Business value could be anything that drives organizational goals forward to make customers happy, and thereby generate more revenue. This business value can be anything, such as keeping track of interaction with a customer. If that data could be captured, the marketing department could search a customer’s behavioral patterns to decide what products and services to market to a particular person. It would take mass marketing out of the equation and allow for direct, specific marketing towards individual customers’ needs.

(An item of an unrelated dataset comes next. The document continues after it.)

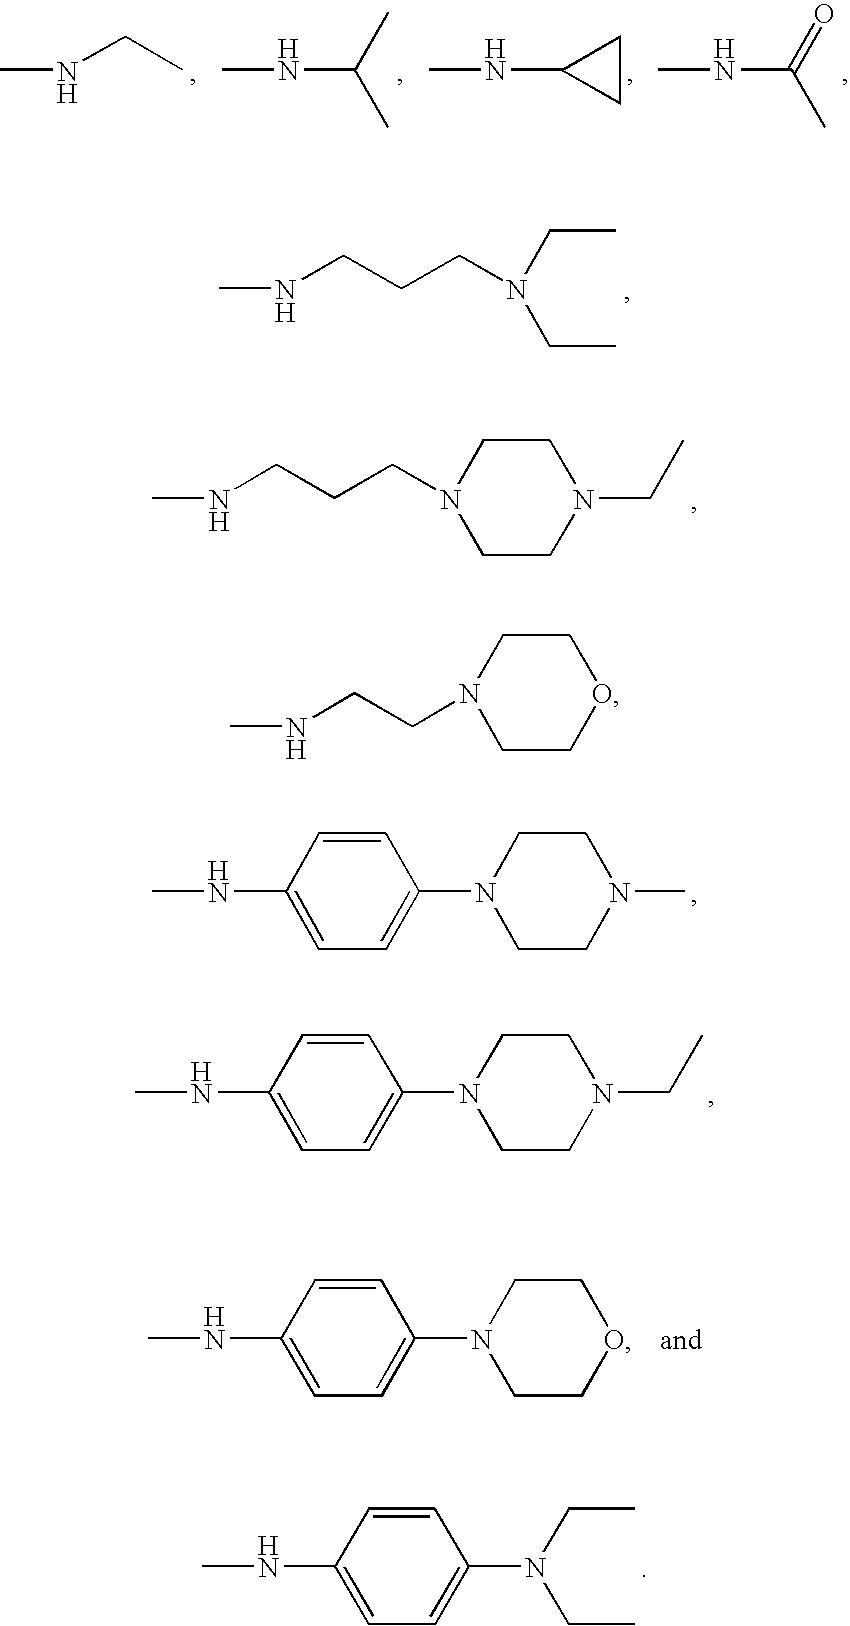 Figure US20090312321A1-20091217-C00002

It is possible to identify pieces of business value that are not worth automating because they are inconsistent or have too many potential paths to justify the effort to automate. Others will require traditional human brain power, which is not easy to capture in automated process form. An example of this would be the hiring of employees, a process that can be largely automated, but the actual decision to hire a specific candidate remains a factor of human intelligence. We can automate the process of handling applications, scheduling interviews, and the post process of on-boarding a new employee once hired. We leave the “hire or not to hire” task to humans.
Another important facet of capturing business value in processes is that we can monitor our processes and tasks as they are completed to provide business owners with valuable information. We can provide insights into aspects that interest the business owner, and make intelligent decisions about when and where to improve a process as the business evolves.

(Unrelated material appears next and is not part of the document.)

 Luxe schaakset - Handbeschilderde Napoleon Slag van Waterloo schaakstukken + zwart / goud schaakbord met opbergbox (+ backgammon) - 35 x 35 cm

Imagine your business is running a retail process to sell products online. This process has a user task to approve large orders and is staffed by a set number of people during certain business hours. Bottlenecks may develop in your process as the business grows. What can you do when the Christmas holidays arrive and you expect a surge in orders? Will the current staffing of the user task allow you to process ten times the number of orders? What about one hundred times the orders?

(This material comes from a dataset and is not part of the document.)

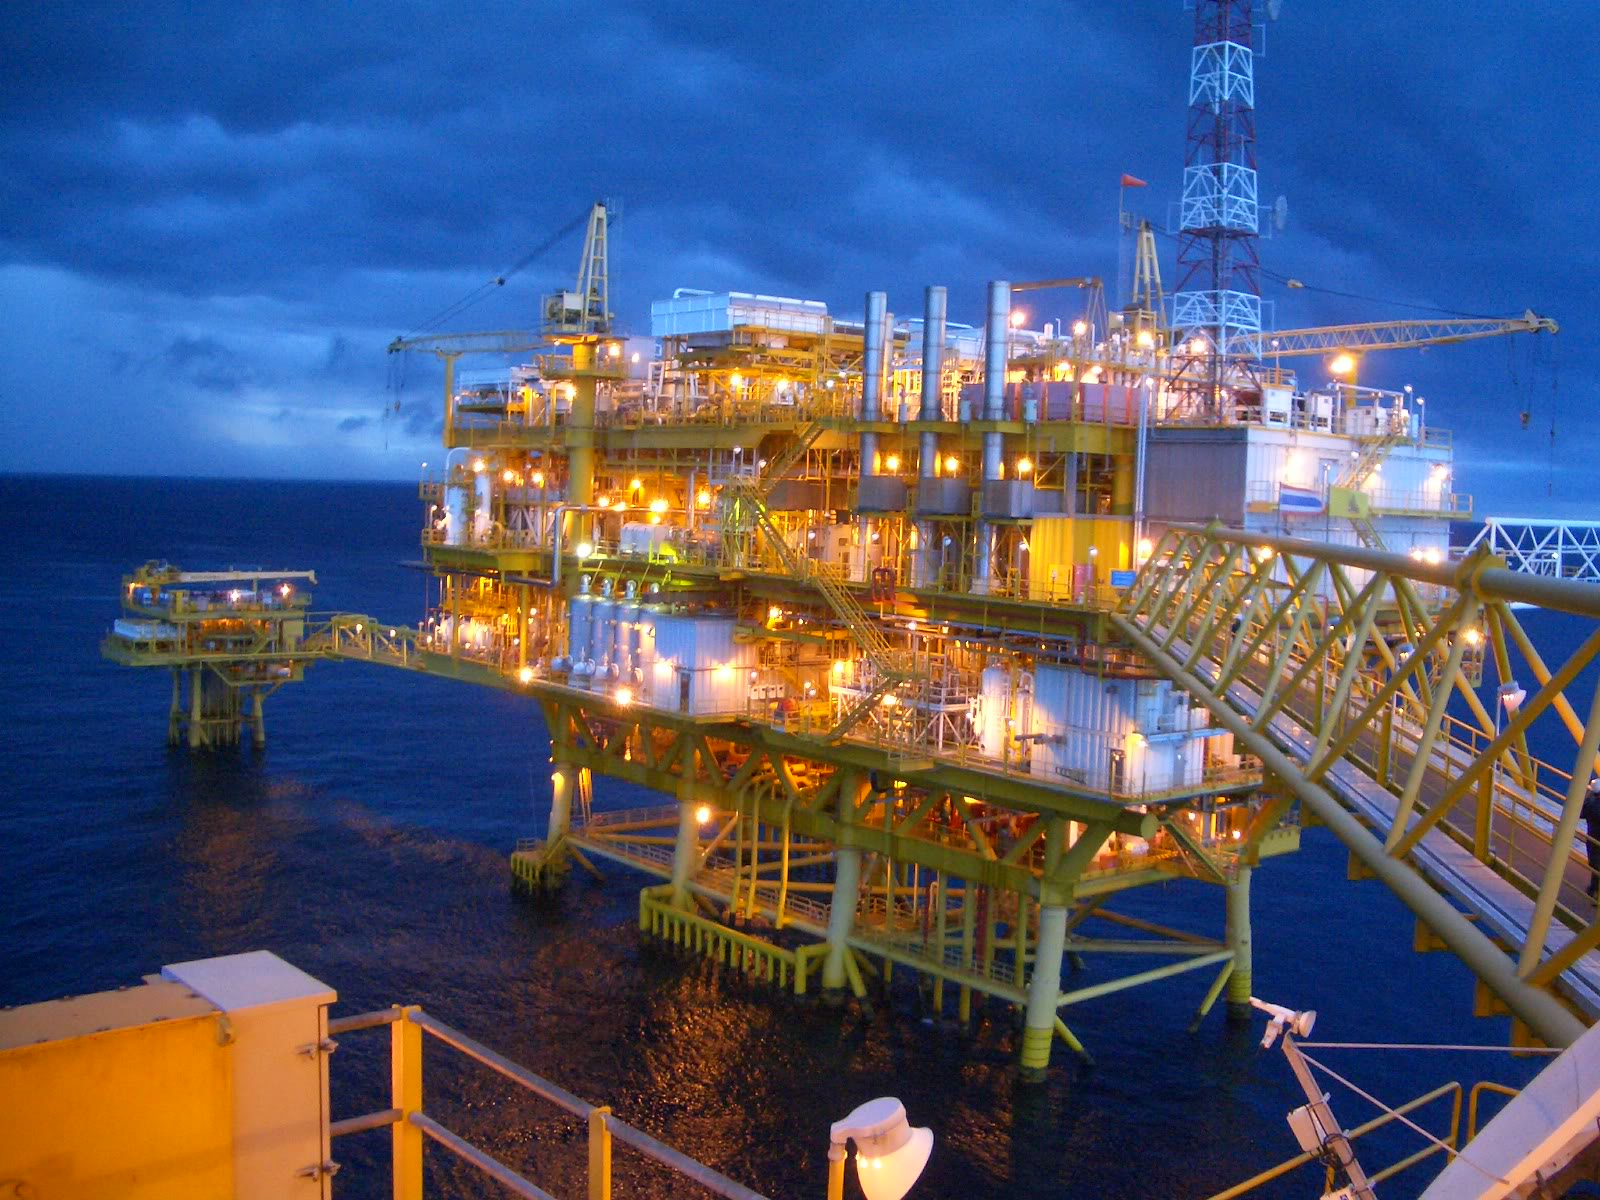 พลังงานโล่ง!แท่นผลิตก๊าซฯอ่าวไทยไม่เสียหายคาด7ม.ค.ผลิตได้เต็มที่

By using historical data captured in previous process instances, it is possible to determine how many orders will be large enough to require human approval, and on average how long each approval took. If you simulate your process using tooling provided by BPM process engines, you can set the amount of humans working on the approval task in the process and set how long they take. By simulating hundreds or even thousands of process instances, you can watch the results of the orders flowing through your process and determine that you will need to staff your user task differently. During the normal months of the year you are able to process large orders with just two employees assigned for eight-hour days. During the holidays, due to expected increases, simulation testing reveals it will require twenty-four hour shifts to approve large orders, and you need to increase staffing to four employees. It is always better to know this before hiring new employees for the holidays and discovering it did not help process orders fast enough to justify the costs.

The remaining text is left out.